FOSS example of notoriety (non-monetary compensation) later resulting in
money: GCC has some benchmarks that are better than vendor compilers.
Companies that use GCC start paying to improve it. The thing is, GCC is pretty
good, and deserves its good reputation.

However, the notion of "Open Source" itself has been subject to hype.

<http://news.cnet.com/8301-13505_3-10295530-16.html>

[http://www.foreignpolicy.com/articles/2006/05/25/beyond_the_...](http://www.foreignpolicy.com/articles/2006/05/25/beyond_the_open_source_hype)

I think the marketing and dumbing down phenomenon has happened with languages.
However, there, proprietary software also fares worse. You may have a point.

------
chris_wot
Comparing software engineering to physics isn't entirely a fair comparison.
While there is a solid basis for scientific principles, there is a lot of art
in software engineering.

I would say that software engineering is actually closer to architecture.
Architecture has a solid basis built on science (otherwise the buildings won't
stay up!), but a lot of it is being constantly refined through various
movements. I don't think that its that surprising that software engineering
got design patterns from architecture!

------
dazzawazza
The comparison with physics is interesting. If you look at physics (or
science) before Bacon it could be considered as a set of movements and people
'believed' things. Post Bacon and the Baconian method people tested and
verified. This had the effect of unifying people behind testable facts.
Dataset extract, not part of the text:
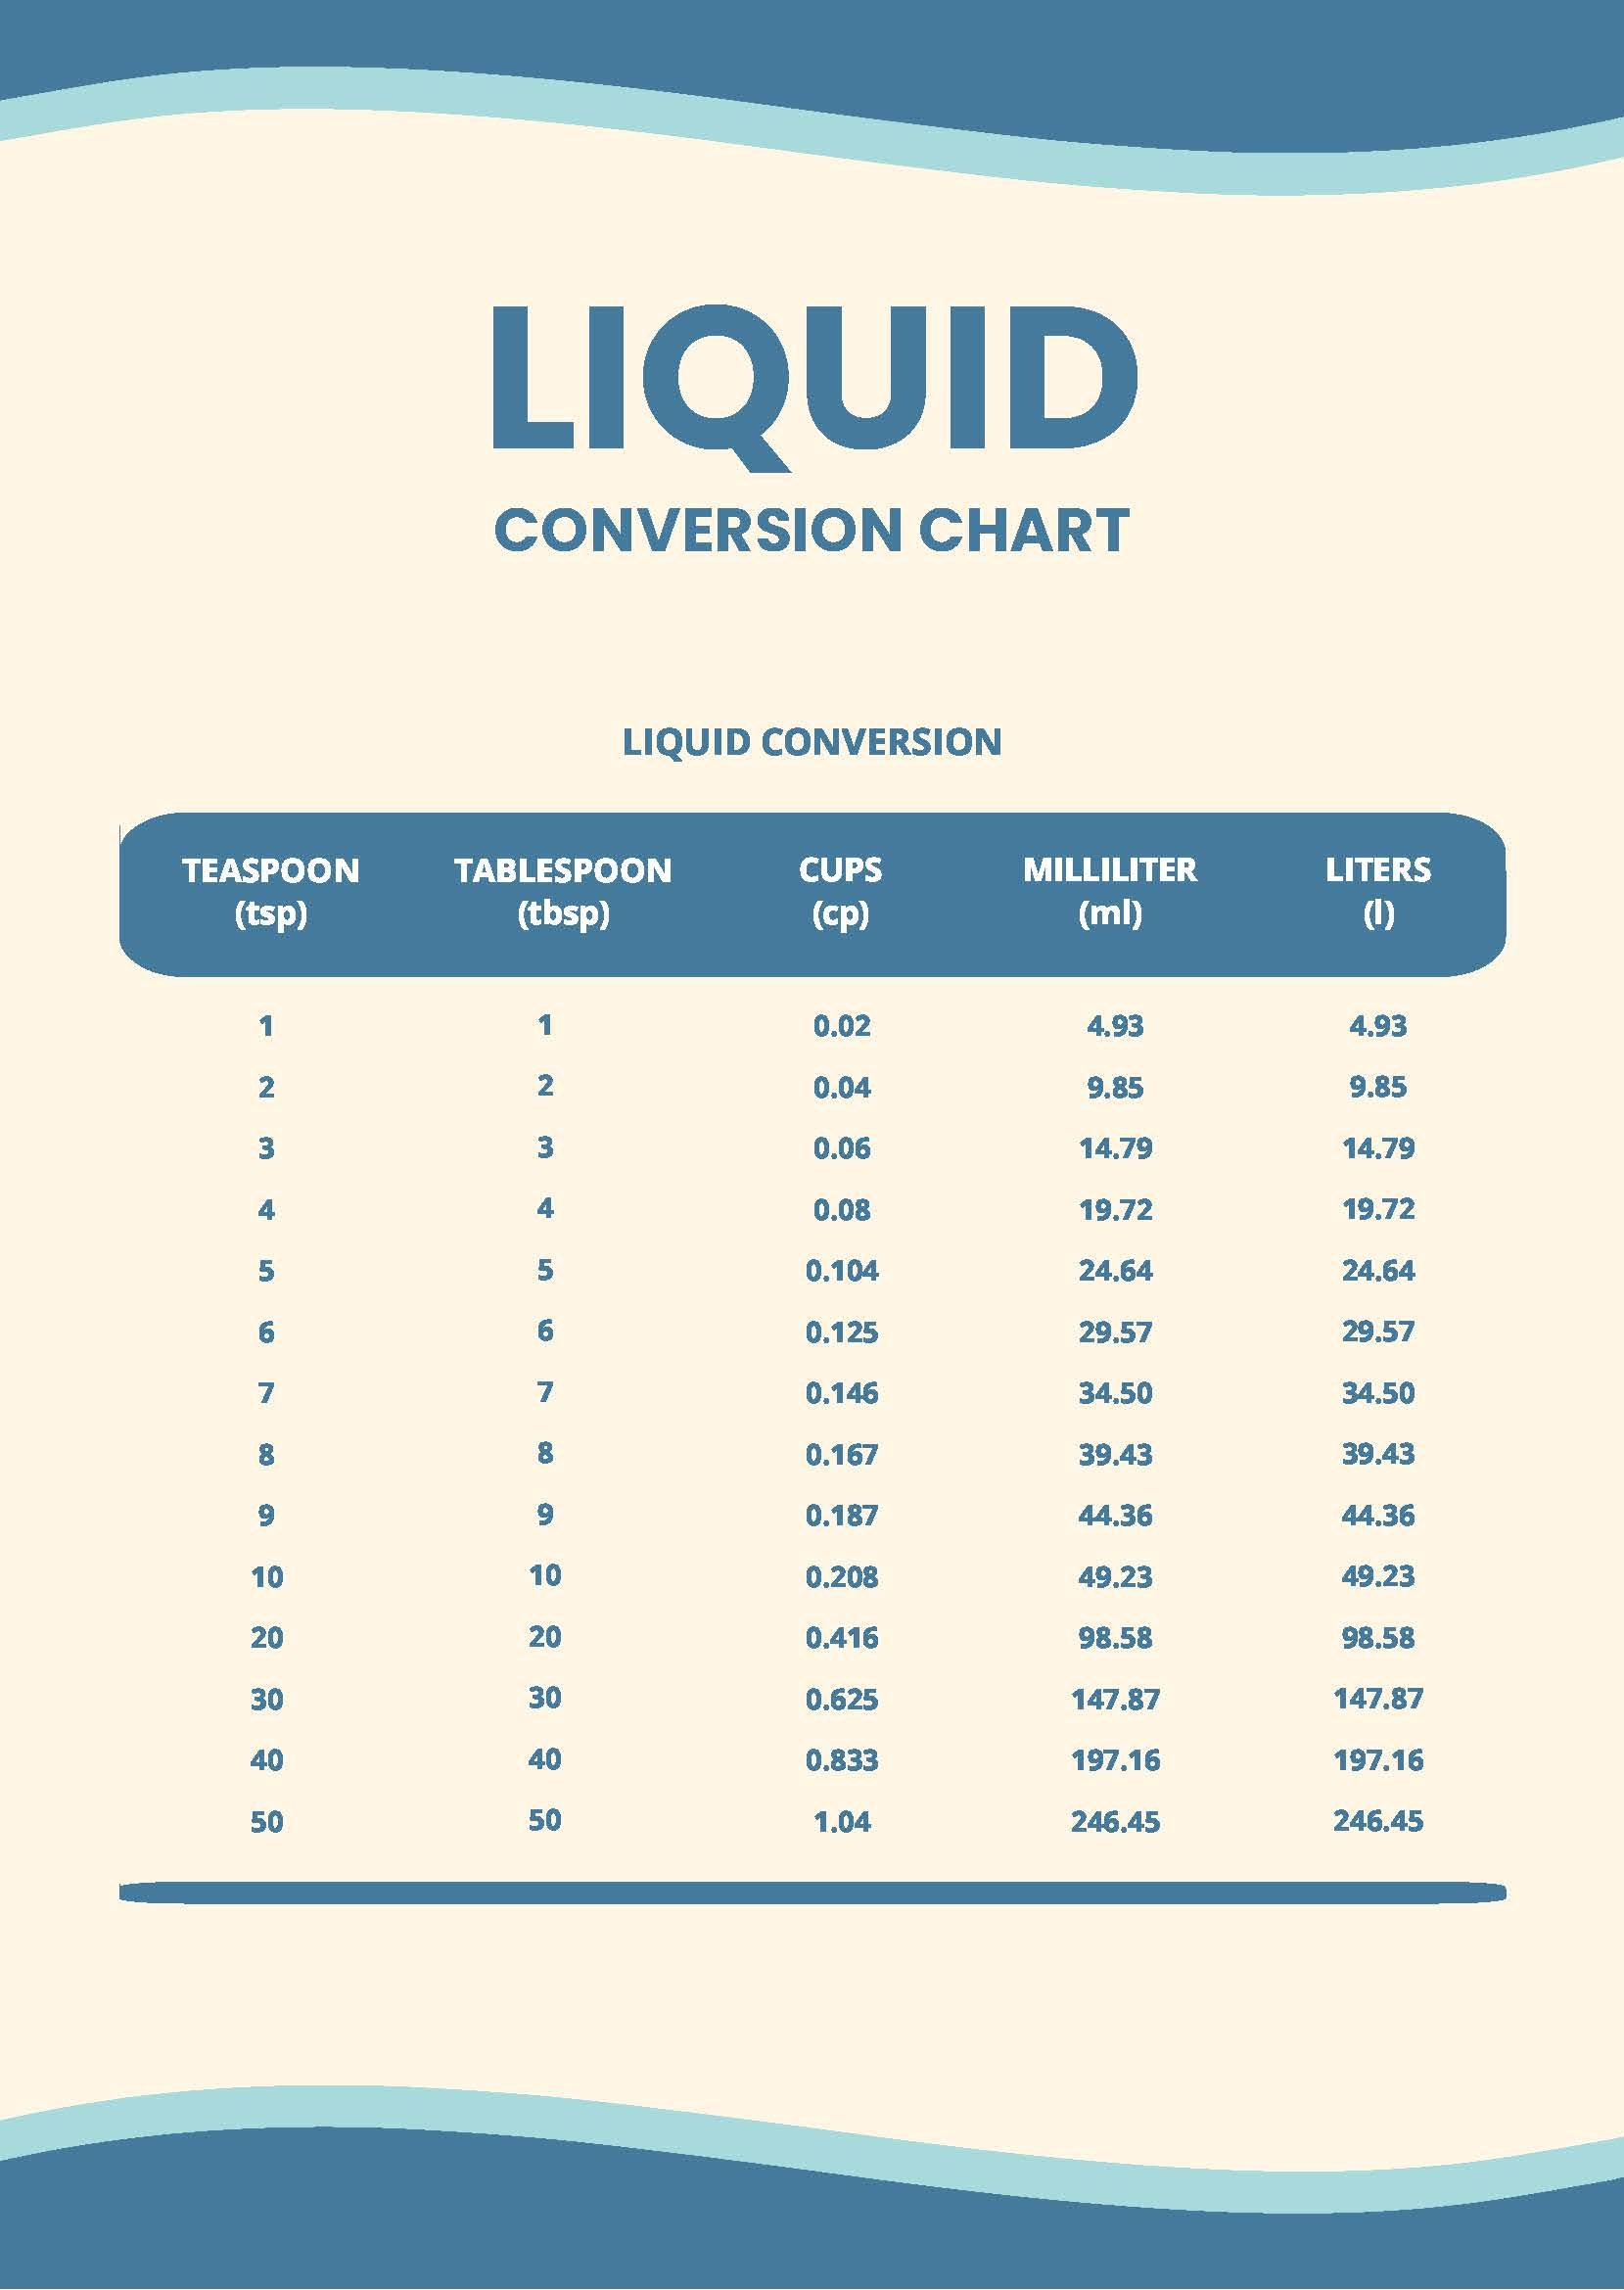 Liquid Conversion Chart in PDF - Download | Template.net

Maybe Software Engineering is waiting for it's own Francis Bacon. Software
Engineering is a young 'science' and the natural sciences went many hundreds
of years before their watershed moment.

Of course then their is the argument that Software Engineering is a misnomer
altogether and in fact it's an art/craft and well art is filled with movements
all of which are untestable and (in)valid to the same extent.

Personally I think that Software Engineering is hard and most people are not
up to the challenge and they latch on to movements as a safety net. Actual
(real world) Engineers are weeded out during training in universities. We seem
to let anyone call themselves a Software Engineer/Programmer and to be honest
a lot of the ones I meet are well below par.

------
a-priori
_My question is, do we need movements? When I flick through my textbooks from
my physics degree course, they don't read as a series of cultural movements
within the physics community. What is true is true. If we keep testing it and
it keeps working, then the insights hold._

"Movements" or "schools of thought" are common in one form or another. It
happened in psychology with Freudian, Neo-Freudian, Behaviourism, and finally
the Cognitive revolution, which transitioned into the modern merging of
psychology and neuroscience. It also happened in mathematics with the Liebniz
vs. Newtonian schools of calculus, and countless times through the entire
history of philosophy.

When future people look back at the state of Physics in the 20th century to
the present, I think they'll see it too with the split between relativistic
physics and quantum mechanics as an explanation for how the universe works.

I'm sure there are countless other examples. My point is that this isn't
unique to computing. It's a common phase for a field to go through -- perhaps
every field does at the beginning. Some fields transition out of this state
and become stable, with a kernel of very solid principles and new development
around the periphery. Others, like philosophy, are stuck in this state
seemingly indefinitely. That kernel never develops.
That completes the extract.